# Isothermal Expansion

1. Apr 24, 2013

### Joshb60796

1. The problem statement, all variables and given/known data
An Ideal gas in a balloon is kept in thermal equilibrium with it's constant-temperature surroundings. How much work is done by the gas if the outside pressure is slowly reduced, allowing the balloon to expand to 6.0 times it's original size? The balloon initially has pressure 645.0 Pa and volume 0.10m^3. The ideal gas constant is R=8.314 J/mol*K

2. Relevant equations
P1V1=P2V2
W= p∫ dv from v1 to v2 --> pV=nRT --> p=nRT/V --> nRT∫1/V dV from V1 to V2 --> nRT*ln(V2/V1)
W = nRT*ln(V2/V1)

3. The attempt at a solution

Since this is isothermal and the amount of gas isn't changing, nRT is constant so my answer should be ln(.6/.1) but my answer key states 120J, maybe I'm doing a conversion wrong?

2. Apr 25, 2013

### haruspex

How does nRT being constant mean that you can throw it away?

3. Apr 25, 2013

### Joshb60796

Hmm...now that you pointed that out, it's glaringly obvious.
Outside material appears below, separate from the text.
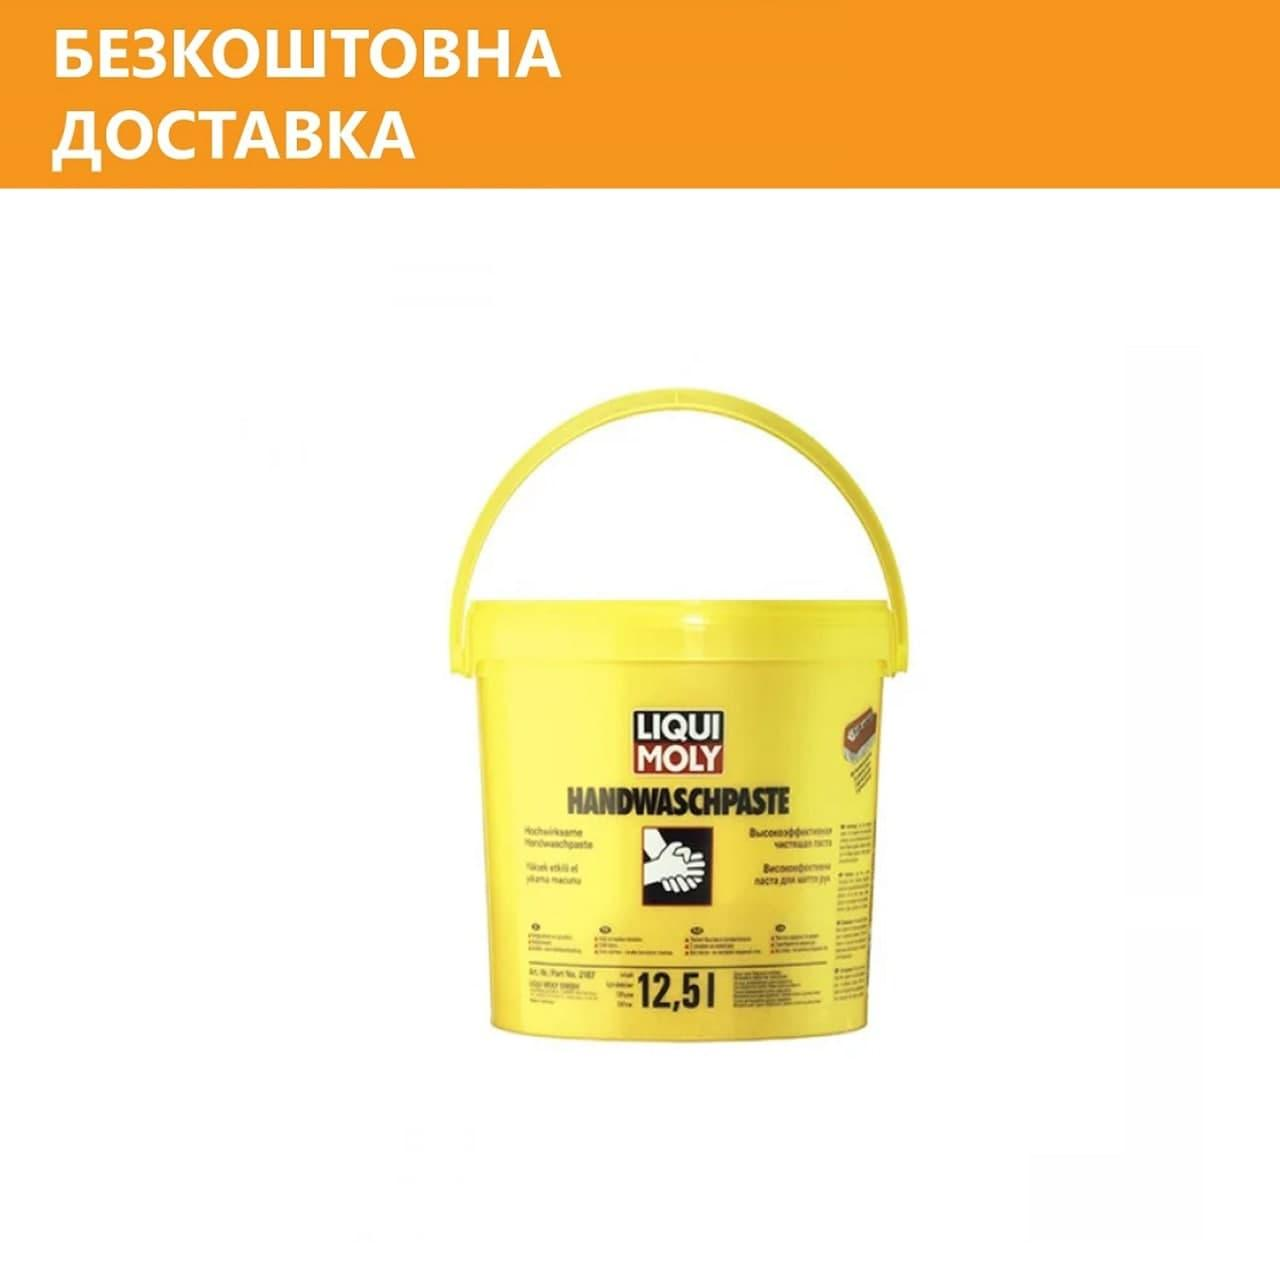 Паста для очистки рук - HANDWASCHPASTE   12.5 л.

I made the assumption based on the fact that those bits of information weren't given (n, and T).

4. Apr 25, 2013

### Andrew Mason

You are forgetting the nRT factor. Since PV = nRT, W = PV ln(6) (rounded to 2 sig. figs).

AM

5. Apr 25, 2013

### Joshb60796

Thank you so much for your reply. I completely understand the train of thought but am puzzled as to which p and which V replaces the nRT, the initial or the final...or do I look at the difference of p and V?

Last edited: Apr 25, 2013
6. Apr 25, 2013

### Staff: Mentor

The initial PV is the same as the final PV.